---- Recorded data

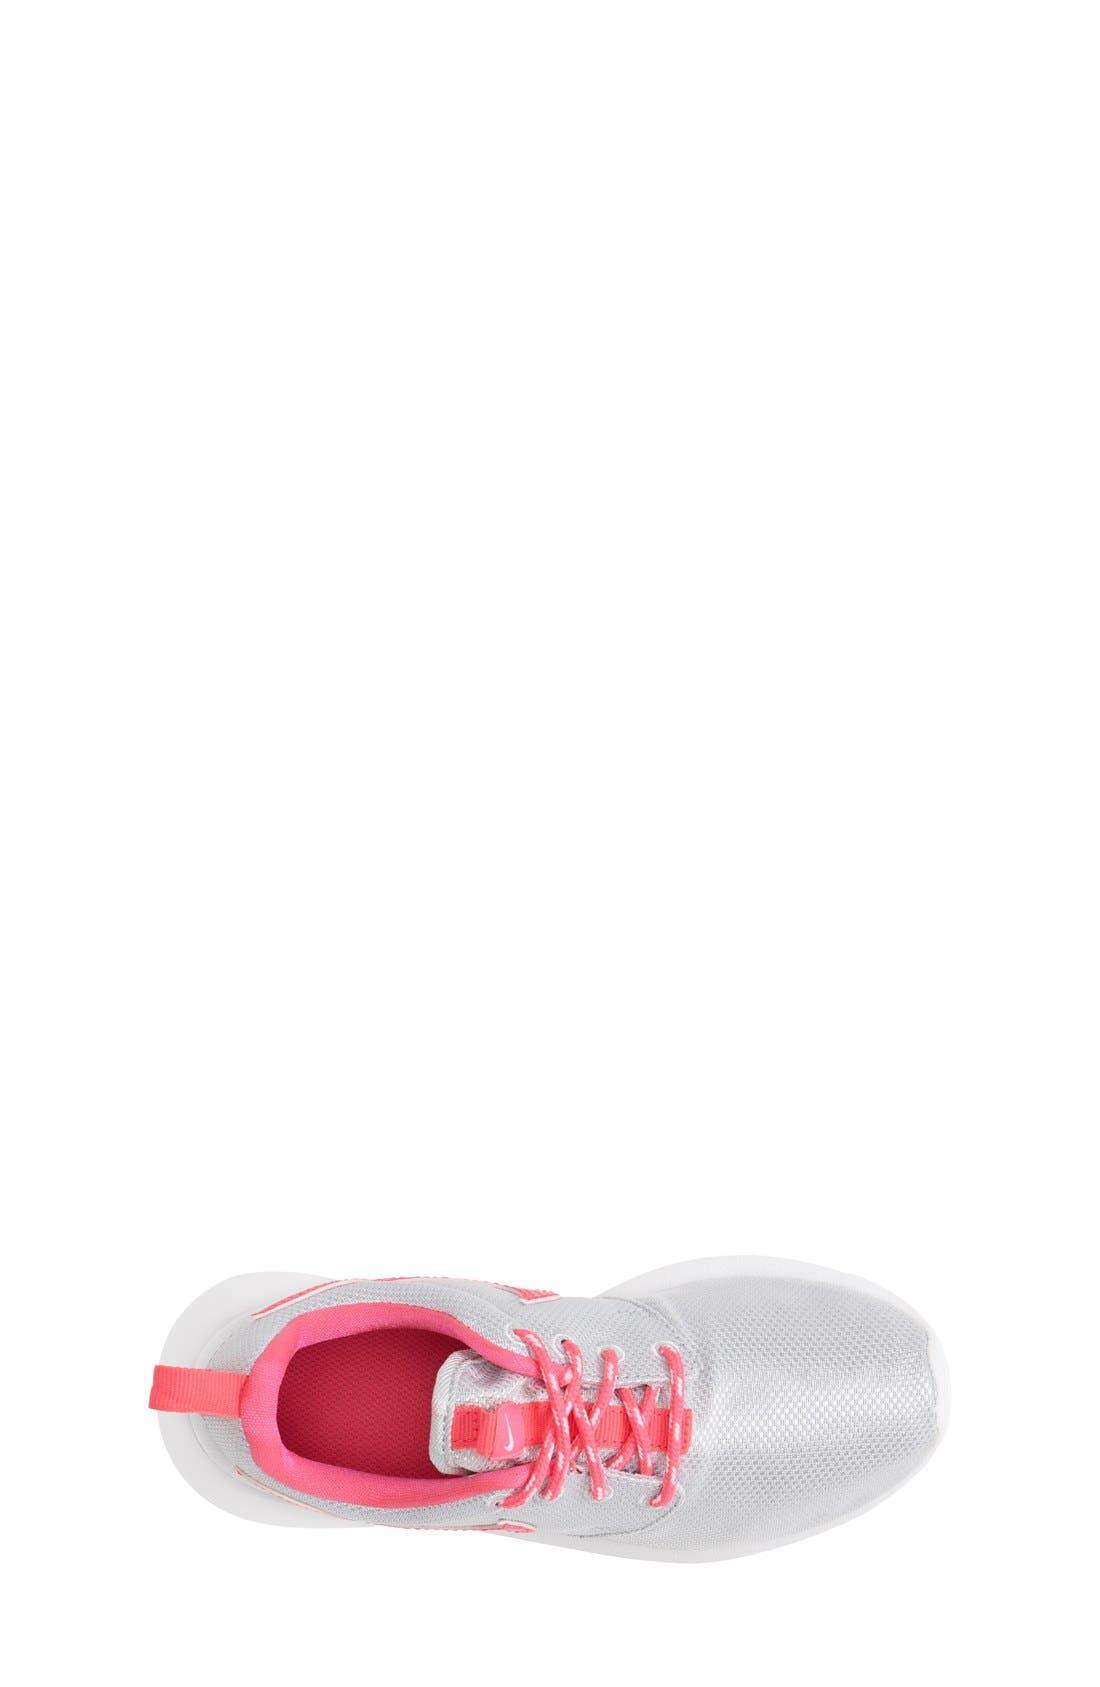 'Roshe Run' Athletic Shoe,                             Alternate thumbnail 80, color,
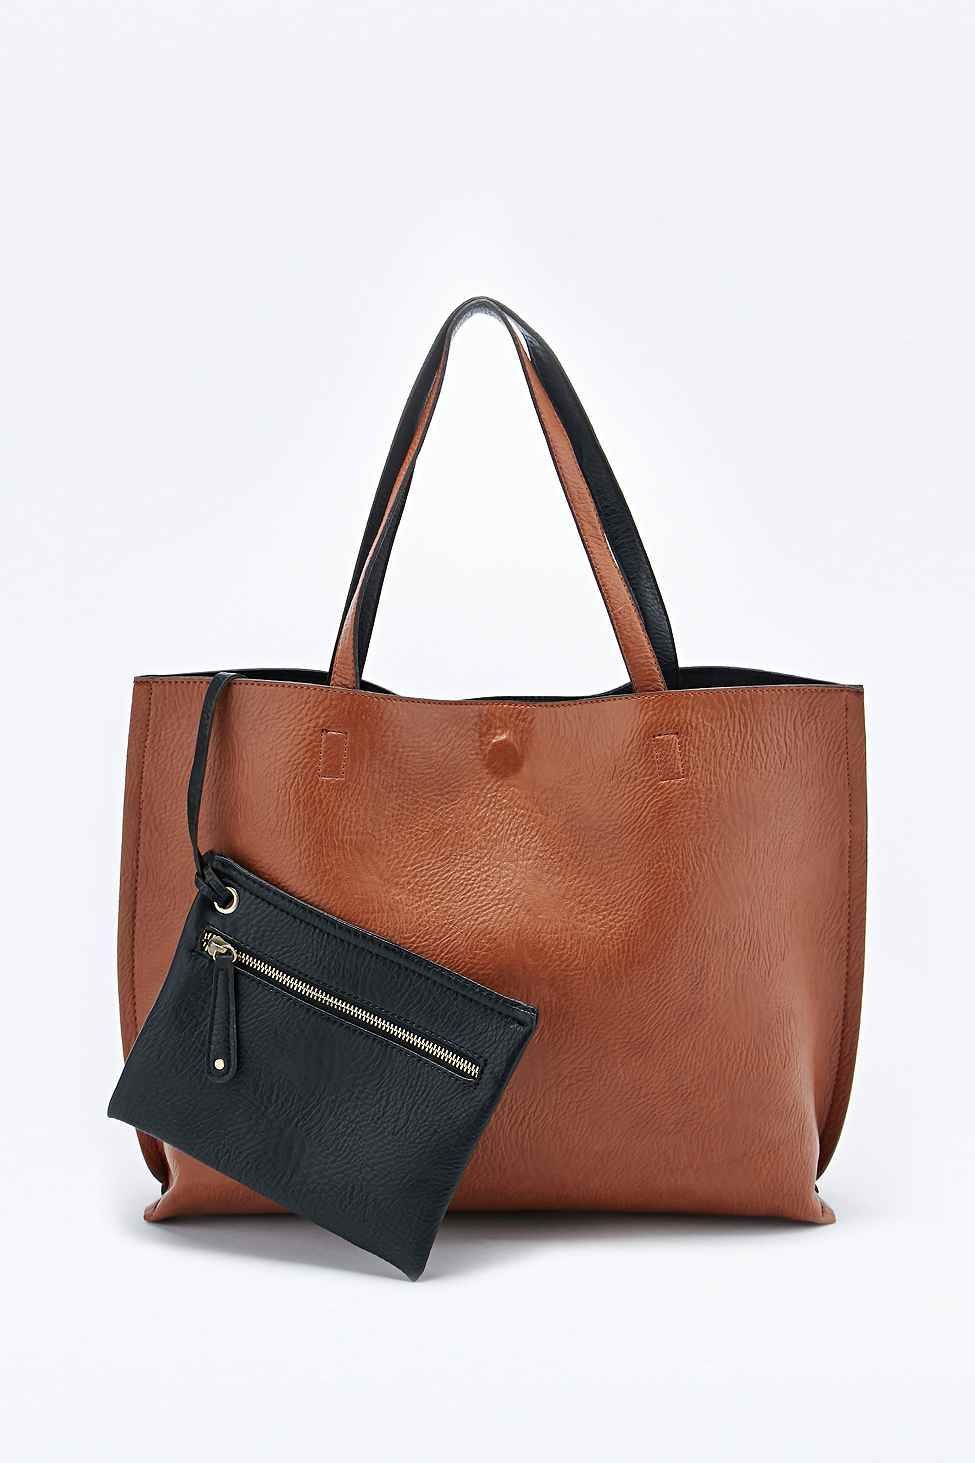 Leather Black Vegan Oversized Tote And In Bag Tan Reversible wv0yNOm8n
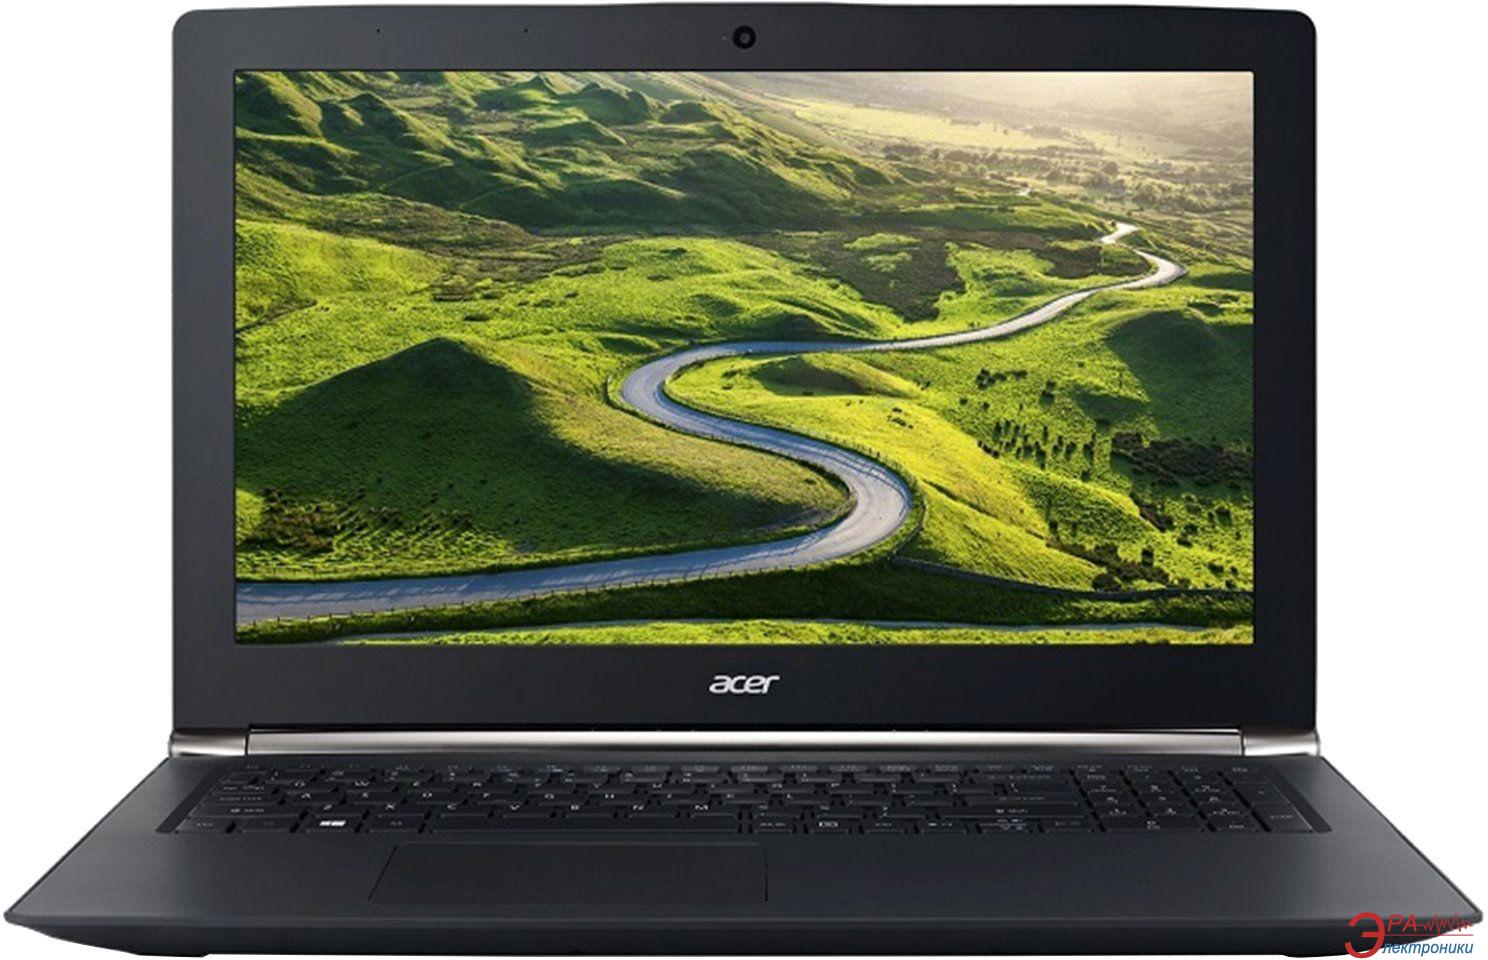 Ноутбук Acer Aspire Nitro VN7-572G-52PN (NX.G6GEU.003) Black 15,6

--------

[To do] Retype the listing exactly and drop the pictures.

[Answer area]
 'Roshe Run' Athletic Shoe,                             Alternate thumbnail 80, color,
 Leather Black Vegan Oversized Tote And In Bag Tan Reversible wv0yNOm8n
 Ноутбук Acer Aspire Nitro VN7-572G-52PN (NX.G6GEU.003) Black 15,6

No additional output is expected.